THE COMMISSIONERS, however, had theories of their own; and in 1871 Mr. D. R. Fearon was sent down to interview the Committee, and for some time negotiations continued. The main points at issue were these:

1. The Commissioners wished the Governors to be partly ex-officio, partly elected, partly co-opted. For the first they suggested the vicar, the mayor, and the chairman of the School Board. The elected members might represent the Town Council, the School Board, and the masters. As co-opted members they proposed to retain 7 of the Committee but stipulated that vacancies among them should be filled up by the whole body of Governors.

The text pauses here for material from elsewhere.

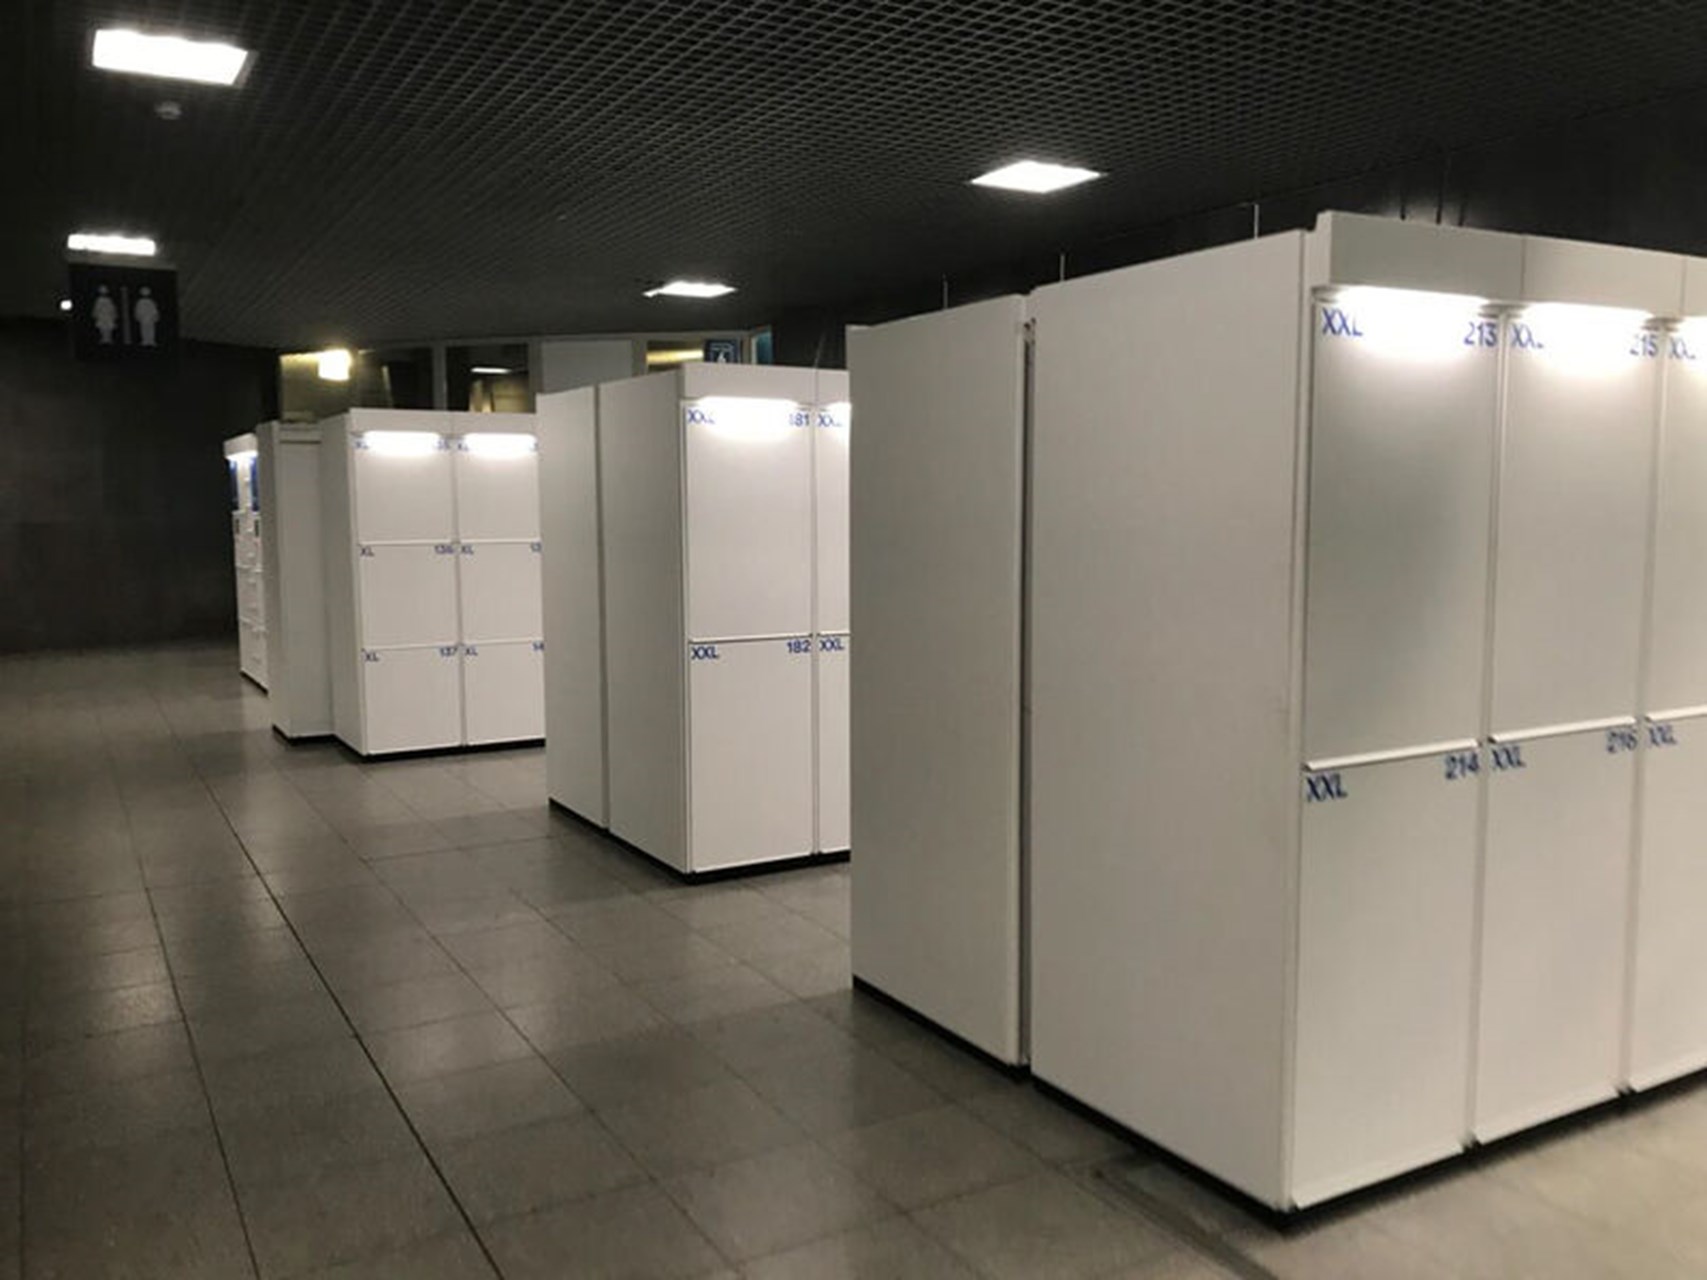 Primat's automatic luggage lockers in Belgium

The Committee were willing to associate with them in the work men who knew what higher education meant and were able to devote attention to it, but urged that the mayor and the chairman had already too much to do, and that it would be better to select more permanent officials, e.g. the recorder or the stipendiary magistrate. As elected members they thought more suitable men would be got from the magistrates than from the Town Council; and they were desirous that the co-opted Governors should always be drawn from the Committee of Pious Uses.

2. The nature of the religious instruction the Commissioners wished to leave to the new Governors to settle; but the Committee insisted that it should be stated in the scheme that it must be according to the doctrines of the Church of England, and that the rights of nonconformists should be guarded by a conscience clause.

3. The Commissioners were willing to found another exhibition at the Grammar School, but wished to use the bulk of the money of the Poor's Estate to establish a third-grade school, with scholarships to it from the elementary schools and from it to the Grammar School. The Committee said that the demand for that grade of education was already supplied, and asked that at least half the money should be assigned to the Grammar School.

4. The Commissioners wanted the School to contribute a substantial sum for the education of girls. The Committee said they could not afford it, at any rate as yet.

The difficulties proved insuperable, and the scheme was dropped; but in 1878 an arrangement was come to as to the Poor's Estate, by which £270 per annum should be used for the old purposes, and the surplus, up to £700, should be assigned to the School for scholarships and exhibitions. The scholarships were to be of three kinds, viz.

(a) 4 every year of £20 for 4 years for boys under 15 on the previous Dec. 31. Half to be confined in the first instance to boys who had been for 3 consecutive years at some Public Elementary School in Leeds.
  • In 1879 these were limited to Foundation boys.

(b) 4 every year of £10.10s. for 4 years for boys under 13. Confined in the first instance to Foundation boys.

(c) 4 every year of £20 for 2 years for boys under 13 who had been in Public Elementary Schools (as above) “and had passed the examination in the sixth standard but had not presented themselves for the examination for pupil teachers.”

There was also founded one exhibition of £50 for 4 years tenable at “some university in the United Kingdom or other place of scientific or professional training approved by the Governors,” and confined in the first instance to boys who had been for the previous 3 years at the Grammar School and for 3 consecutive years at some Public Elementary School in Leeds.

The arrangement was criticized on two grounds viz.

1. that the Poor's Estate was for the relief of women as well as men. The Committee, however, undertook to consider favourably the question of a grant for female education when their funds should permit.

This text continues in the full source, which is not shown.